▶ What needs to be done
Reproduce only the lines below from the line containing "1 x box of Cougar" to the line containing "Abahub Premium Surfboard", exactly as written, with both end lines kept. Omit the pictures.

▶ Exercise material
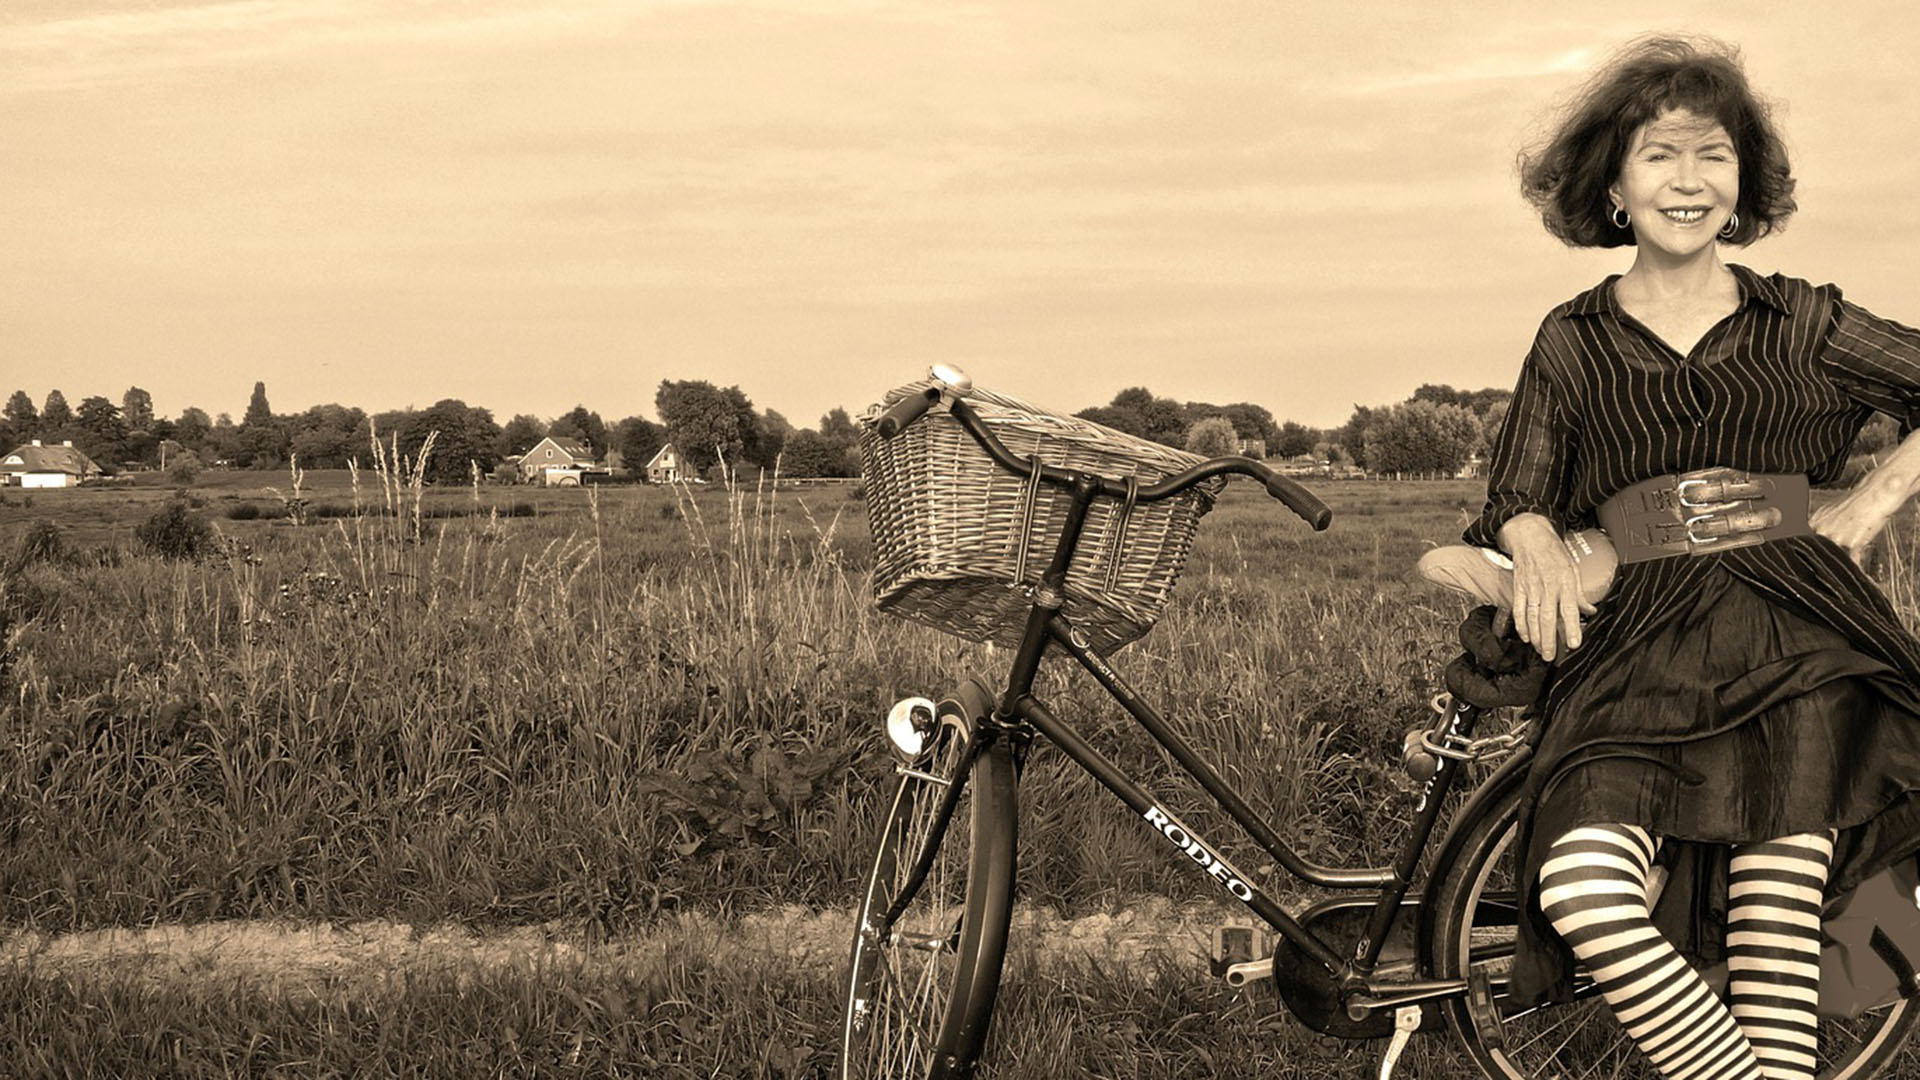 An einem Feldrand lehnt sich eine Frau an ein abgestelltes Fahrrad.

---

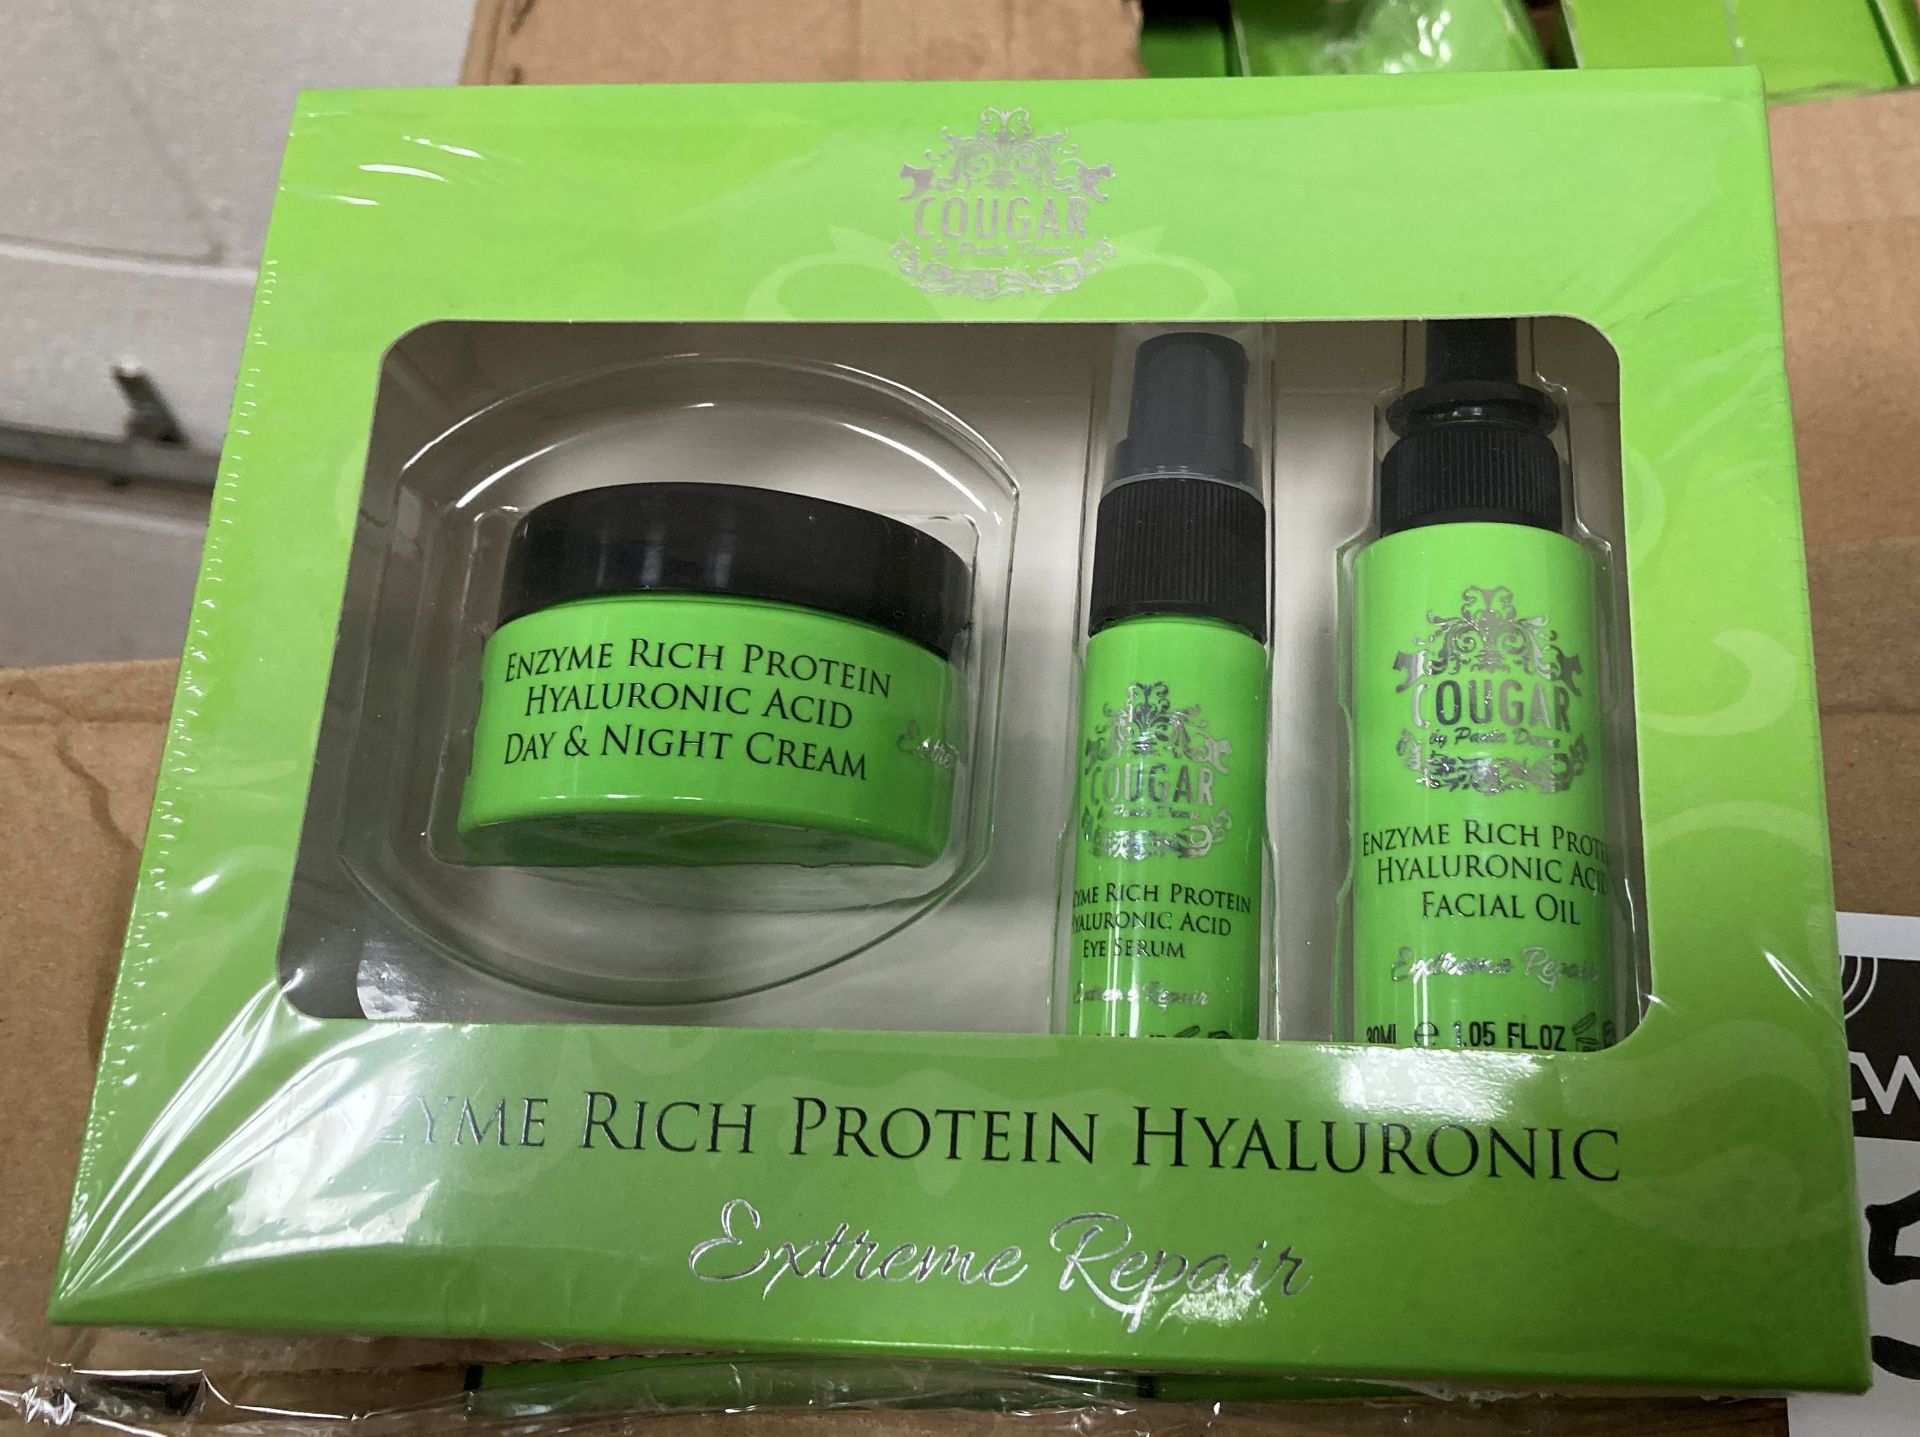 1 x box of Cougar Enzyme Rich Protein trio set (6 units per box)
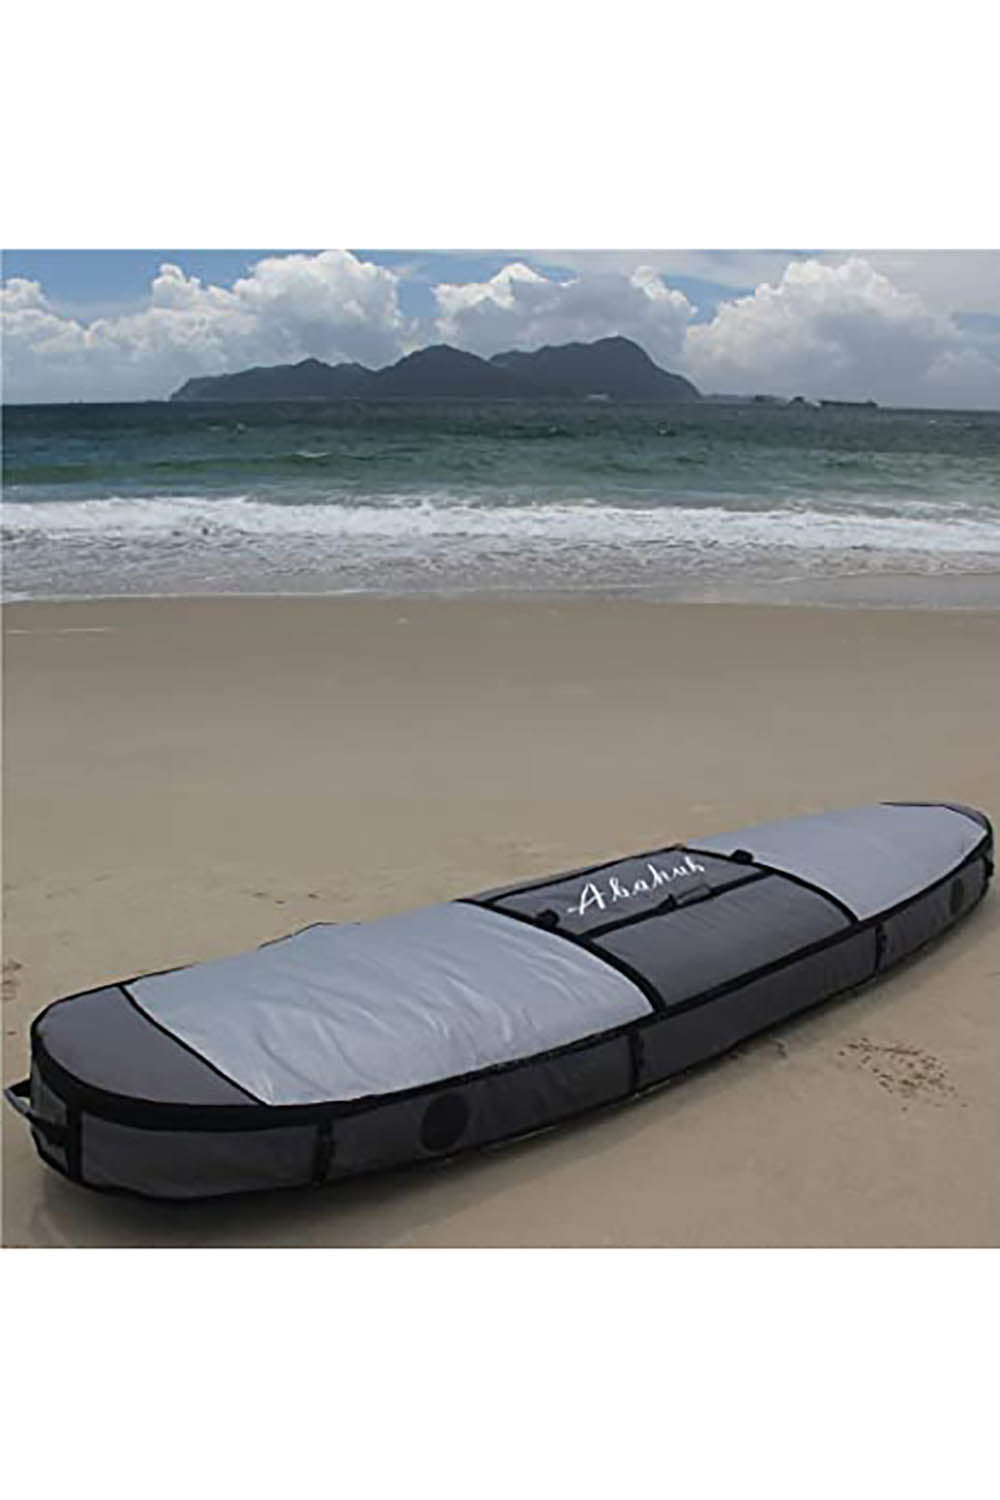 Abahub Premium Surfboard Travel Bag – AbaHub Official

---

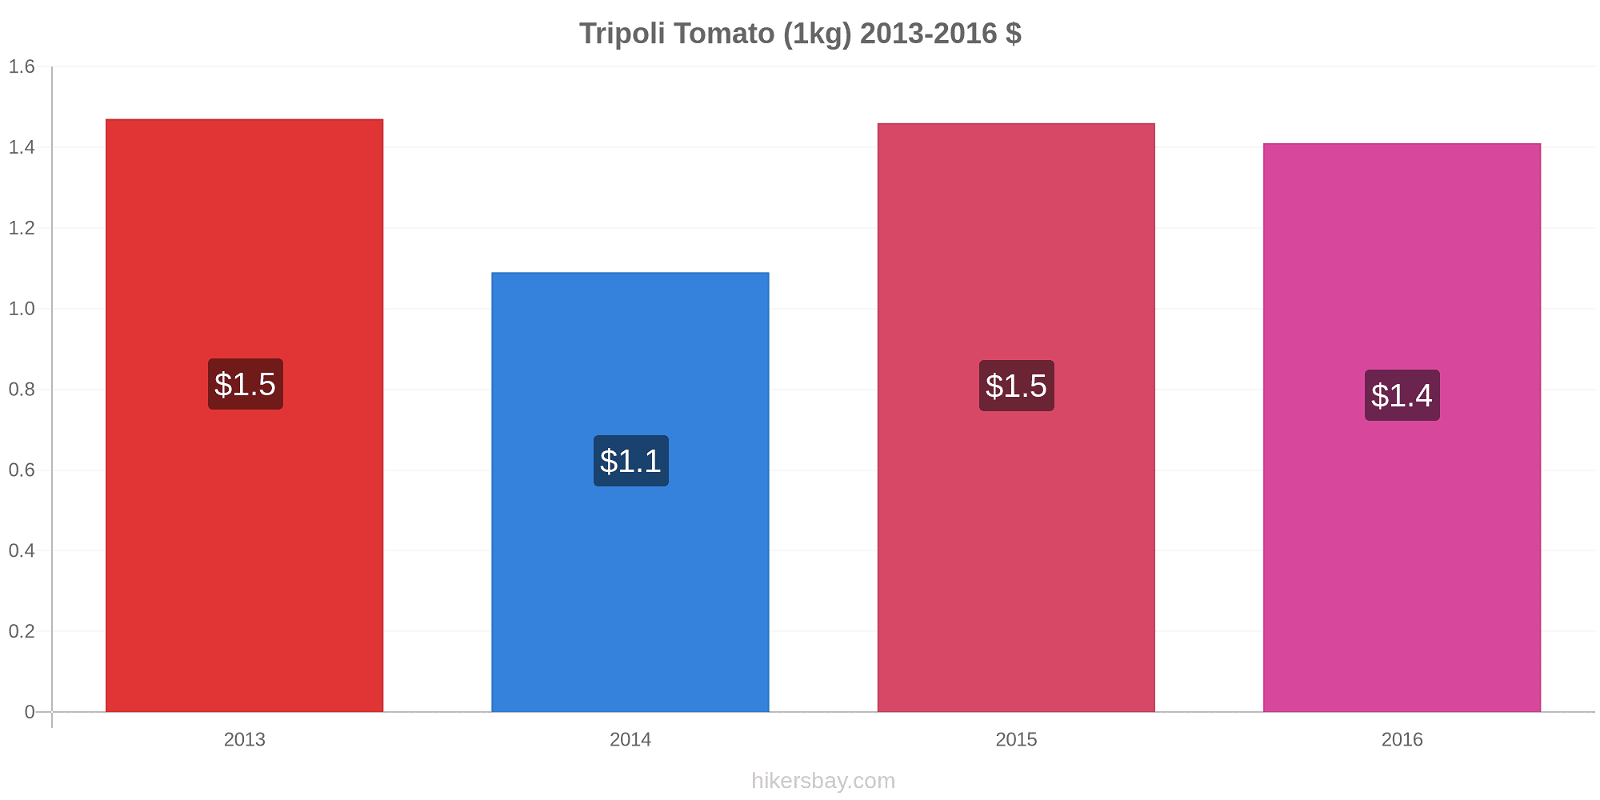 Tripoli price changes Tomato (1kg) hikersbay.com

▶ Written response
 1 x box of Cougar Enzyme Rich Protein trio set (6 units per box)
 Abahub Premium Surfboard Travel Bag – AbaHub Official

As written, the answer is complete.